== Task requirements ==
Your answer must be the full listing below, repeated exactly, with no pictures in it.

== Given data ==
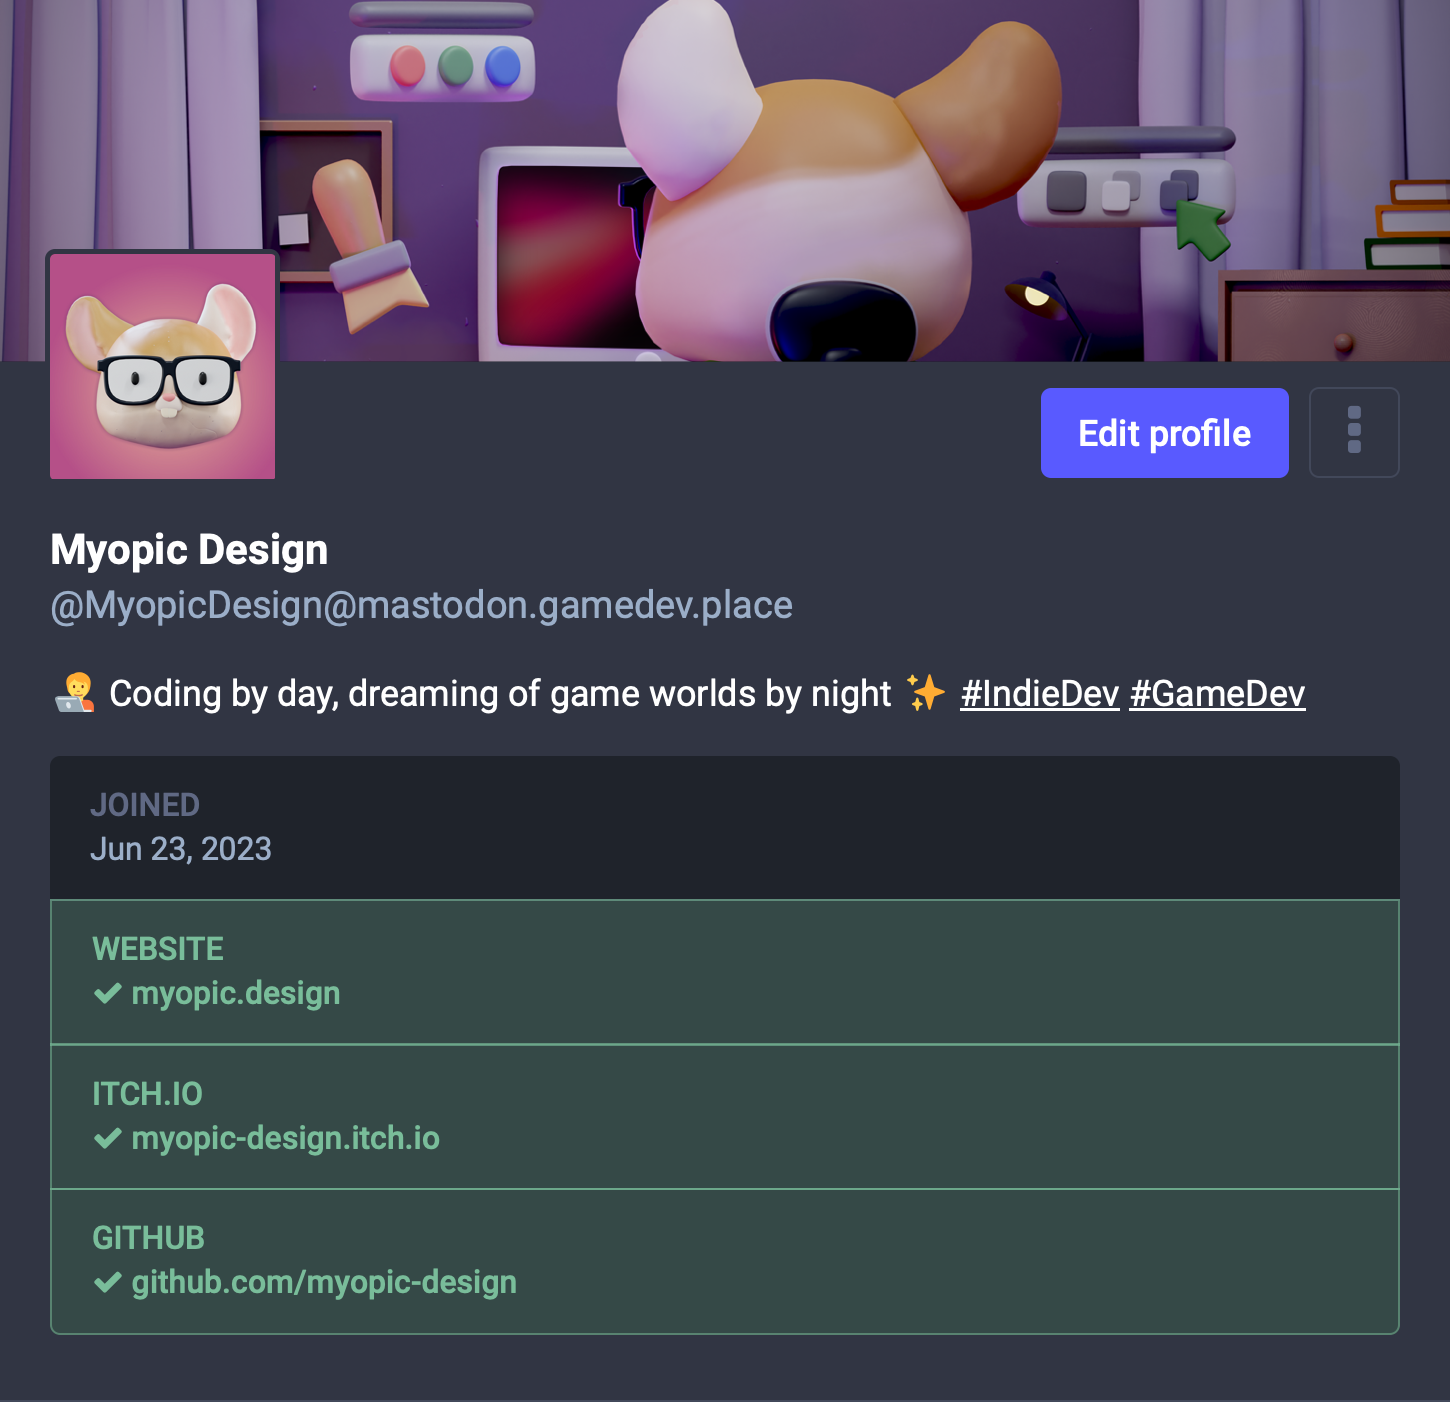 My Mastodon profile showing a verified itch.io link with a green checkmark
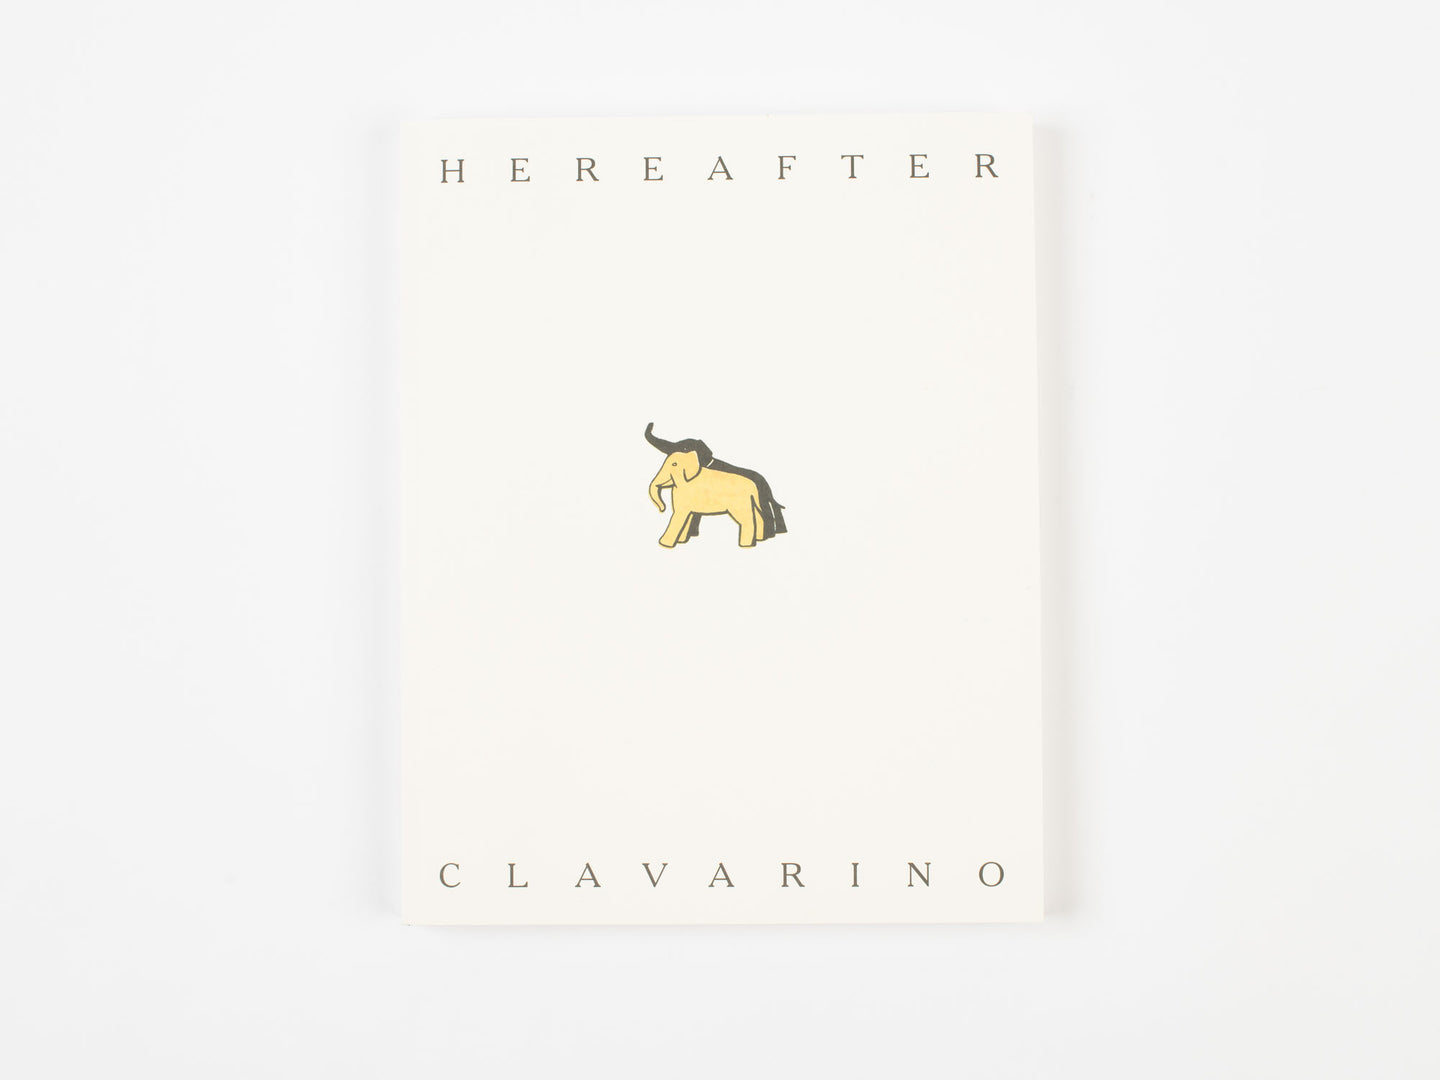 Hereafter by Federico Clavarino
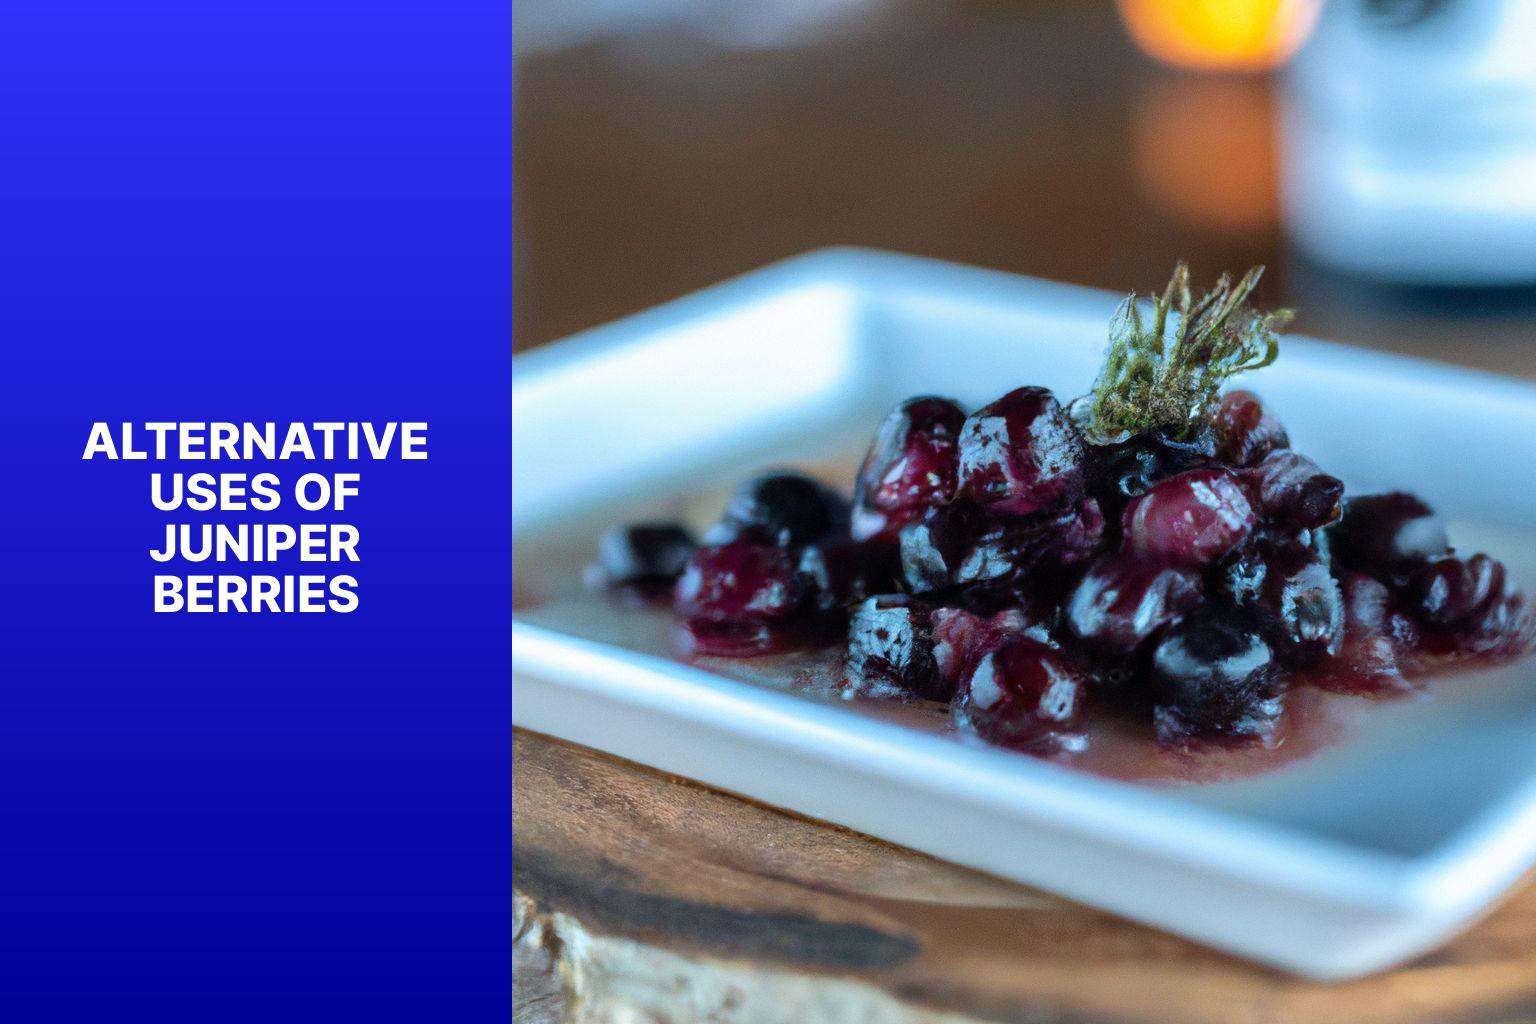 Alternative Uses of Juniper Berries - Juniper Berries in Culinary Uses: Discuss creative ways to incorporate juniper berries into cooking, such as in marinades, sauces, and more.

== Output of the exercise ==
 My Mastodon profile showing a verified itch.io link with a green checkmark
 Hereafter by Federico Clavarino
 Alternative Uses of Juniper Berries - Juniper Berries in Culinary Uses: Discuss creative ways to incorporate juniper berries into cooking, such as in marinades, sauces, and more.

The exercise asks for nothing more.